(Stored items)
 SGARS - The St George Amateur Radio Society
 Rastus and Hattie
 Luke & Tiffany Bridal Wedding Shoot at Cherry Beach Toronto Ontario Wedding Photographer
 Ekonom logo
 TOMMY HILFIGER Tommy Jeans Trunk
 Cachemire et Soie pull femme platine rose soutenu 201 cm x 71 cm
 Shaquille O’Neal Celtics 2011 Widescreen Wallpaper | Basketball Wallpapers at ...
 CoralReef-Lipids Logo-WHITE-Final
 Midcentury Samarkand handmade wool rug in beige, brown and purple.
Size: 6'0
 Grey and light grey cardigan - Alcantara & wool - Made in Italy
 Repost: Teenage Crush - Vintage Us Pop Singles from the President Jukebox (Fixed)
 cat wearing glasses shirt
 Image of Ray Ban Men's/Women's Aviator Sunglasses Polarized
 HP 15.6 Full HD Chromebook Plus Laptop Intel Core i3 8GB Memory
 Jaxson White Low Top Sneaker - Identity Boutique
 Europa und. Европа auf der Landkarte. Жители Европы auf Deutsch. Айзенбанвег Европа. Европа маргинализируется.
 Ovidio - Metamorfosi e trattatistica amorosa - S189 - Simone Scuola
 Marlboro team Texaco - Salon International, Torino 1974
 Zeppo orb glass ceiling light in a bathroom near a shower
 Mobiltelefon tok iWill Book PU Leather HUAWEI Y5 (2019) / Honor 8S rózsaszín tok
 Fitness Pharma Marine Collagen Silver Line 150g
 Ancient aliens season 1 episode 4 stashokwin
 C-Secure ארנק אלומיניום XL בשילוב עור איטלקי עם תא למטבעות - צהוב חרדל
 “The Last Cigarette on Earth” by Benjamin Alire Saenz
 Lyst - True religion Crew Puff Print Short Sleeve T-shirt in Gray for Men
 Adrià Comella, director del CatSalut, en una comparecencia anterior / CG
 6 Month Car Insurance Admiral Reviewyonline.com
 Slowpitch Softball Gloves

**Work to complete:** The full set of records should be duplicated exactly.

**Expected answer:**
 SGARS - The St George Amateur Radio Society
 Rastus and Hattie
 Luke & Tiffany Bridal Wedding Shoot at Cherry Beach Toronto Ontario Wedding Photographer
 Ekonom logo
 TOMMY HILFIGER Tommy Jeans Trunk
 Cachemire et Soie pull femme platine rose soutenu 201 cm x 71 cm
 Shaquille O’Neal Celtics 2011 Widescreen Wallpaper | Basketball Wallpapers at ...
 CoralReef-Lipids Logo-WHITE-Final
 Midcentury Samarkand handmade wool rug in beige, brown and purple.
Size: 6'0
 Grey and light grey cardigan - Alcantara & wool - Made in Italy
 Repost: Teenage Crush - Vintage Us Pop Singles from the President Jukebox (Fixed)
 cat wearing glasses shirt
 Image of Ray Ban Men's/Women's Aviator Sunglasses Polarized
 HP 15.6 Full HD Chromebook Plus Laptop Intel Core i3 8GB Memory
 Jaxson White Low Top Sneaker - Identity Boutique
 Europa und. Европа auf der Landkarte. Жители Европы auf Deutsch. Айзенбанвег Европа. Европа маргинализируется.
 Ovidio - Metamorfosi e trattatistica amorosa - S189 - Simone Scuola
 Marlboro team Texaco - Salon International, Torino 1974
 Zeppo orb glass ceiling light in a bathroom near a shower
 Mobiltelefon tok iWill Book PU Leather HUAWEI Y5 (2019) / Honor 8S rózsaszín tok
 Fitness Pharma Marine Collagen Silver Line 150g
 Ancient aliens season 1 episode 4 stashokwin
 C-Secure ארנק אלומיניום XL בשילוב עור איטלקי עם תא למטבעות - צהוב חרדל
 “The Last Cigarette on Earth” by Benjamin Alire Saenz
 Lyst - True religion Crew Puff Print Short Sleeve T-shirt in Gray for Men
 Adrià Comella, director del CatSalut, en una comparecencia anterior / CG
 6 Month Car Insurance Admiral Reviewyonline.com
 Slowpitch Softball Gloves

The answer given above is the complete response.